34 yaşındaki Jule ise, tura çıkma hikayelerini anlattı. Ailesiyle de küçük yaşlarda iken kısa yolculuklar yaptığını vurgulayan Jule, “15 yaşlarında iken bir yazı gördüm. Bu yazıda bisikletle Himalayalar’a gidilebileceğinden bahsediliyordu. Böyle yolculuklar var diyordu yazıda. Çok etkilendim, bisikletle Himalayalar’a gitmek istiyordum. Bu fikir bende gitgide büyüdü yaşım büyüdükçe. Sonra düşündük ki bunu şimdi yapamazsak hiçbir zaman yapamayız. Böylelikle eşimle bu yolculuğa çıkmaya karar verdik” şeklinde konuştu.
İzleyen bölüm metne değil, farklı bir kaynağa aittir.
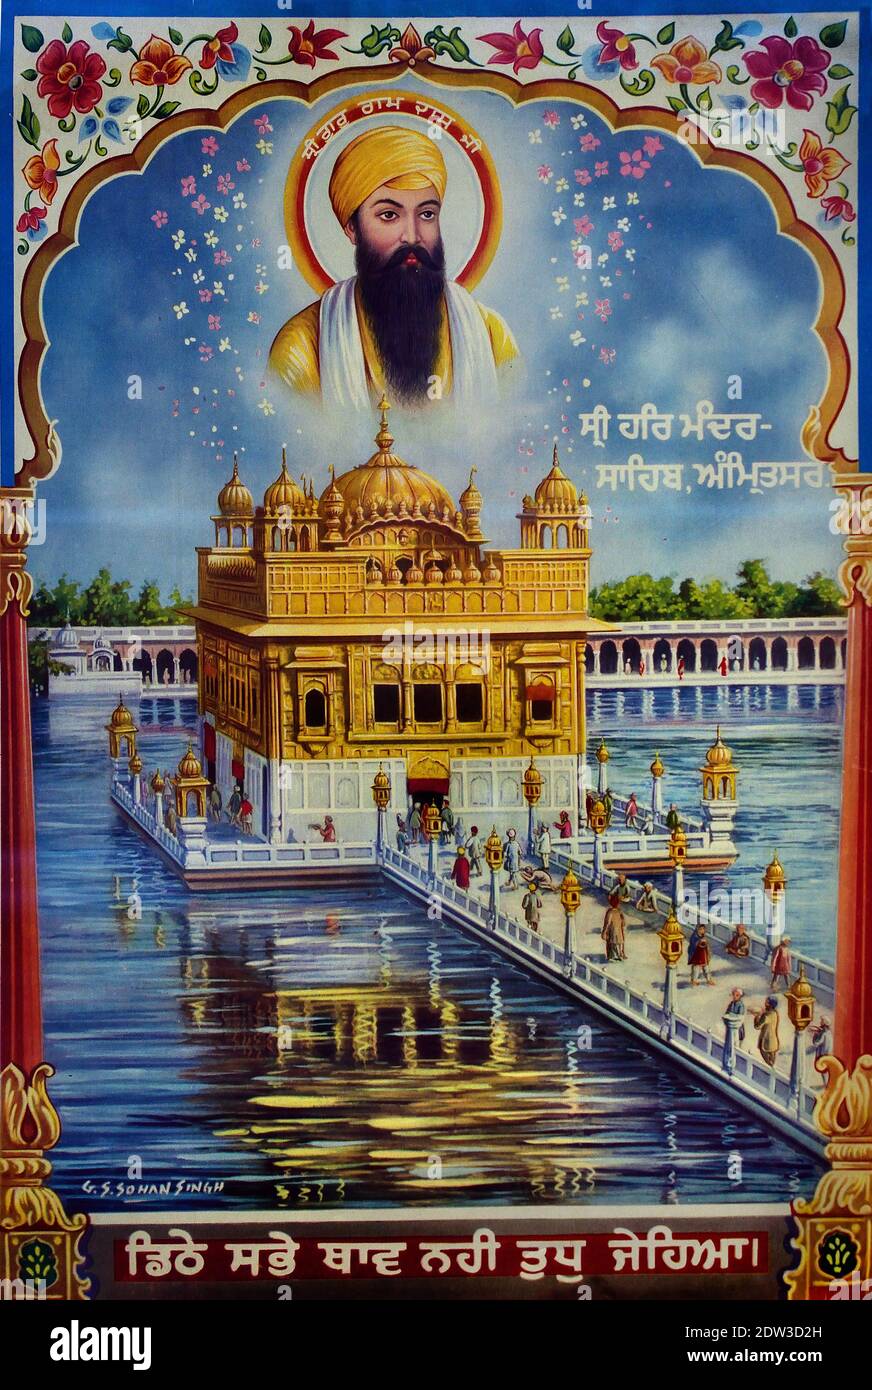 Der Goldene Tempel, auch bekannt als Harmandir Sahib, was bedeutet "Wohnstatt Gottes" oder Darbār Sahib, was bedeutet "erhabenen Hof" ), die Gurdwara ist um einen von Menschen geschahen Pool (sarovar), die durch den vierten Sikh Guru, Guru RAM das im Jahr 1577 abgeschlossen wurde gebaut. Guru Arjan, der fünfte Guru des Sikhismus, Amritsar, Punjab, Indien. Herausragender spiritueller Ort des Sikhismus. Stockfoto

Daha önce de Güney Amerika’da bir yıl süren arabayla bir yolculukları olduğunu hatırlatan Jule, “Asya turuna bisikletle çıkmaya karar verdik. Çünkü, bu şekilde insanlarla çok iyi iletişim kurabilir, fikirlerini daha iyi öğrenip yaşayabilirdik. Nisan ve Mayıs ayları gerçekten çok soğuktu. Ama turumuza devam ettik. Soğuk havalarda daha az mola veriyoruz ki vücut sıcaklığımızı koruyalım. Şu anda günlük ortalama 50 kilometre gidiyoruz ama soğuklarda yaklaşık 70 kilometre gidebiliyorduk. Şimdi ise hava çok daha sıcak ve daha çok mola veriyoruz. İlk başta bisikletle Asya turu olarak planlamıştık. Çünkü Himalayalar’a gitmeyi çok istiyorduk. Ama şimdi daha sonrasında Vietnam ya da Avustralya’ya da gidebiliriz. Bu tur esnasında birçok ilginç anımız oldu. Misafirperver birçok insanla karşılaştık. En arkadaş canlıları ise Türkiye’de idi. Bir sürü çay ve yemek için davet aldık. Türklere ve bizi Beyşehir’de ağırlayıp misafir eden Beyşehir Kültür ve Turizm Derneği Başkanı Mustafa Büyükkafalı ve konaklama ve yemek için sponsor olan herkese teşekkür ediyoruz” diye konuştu.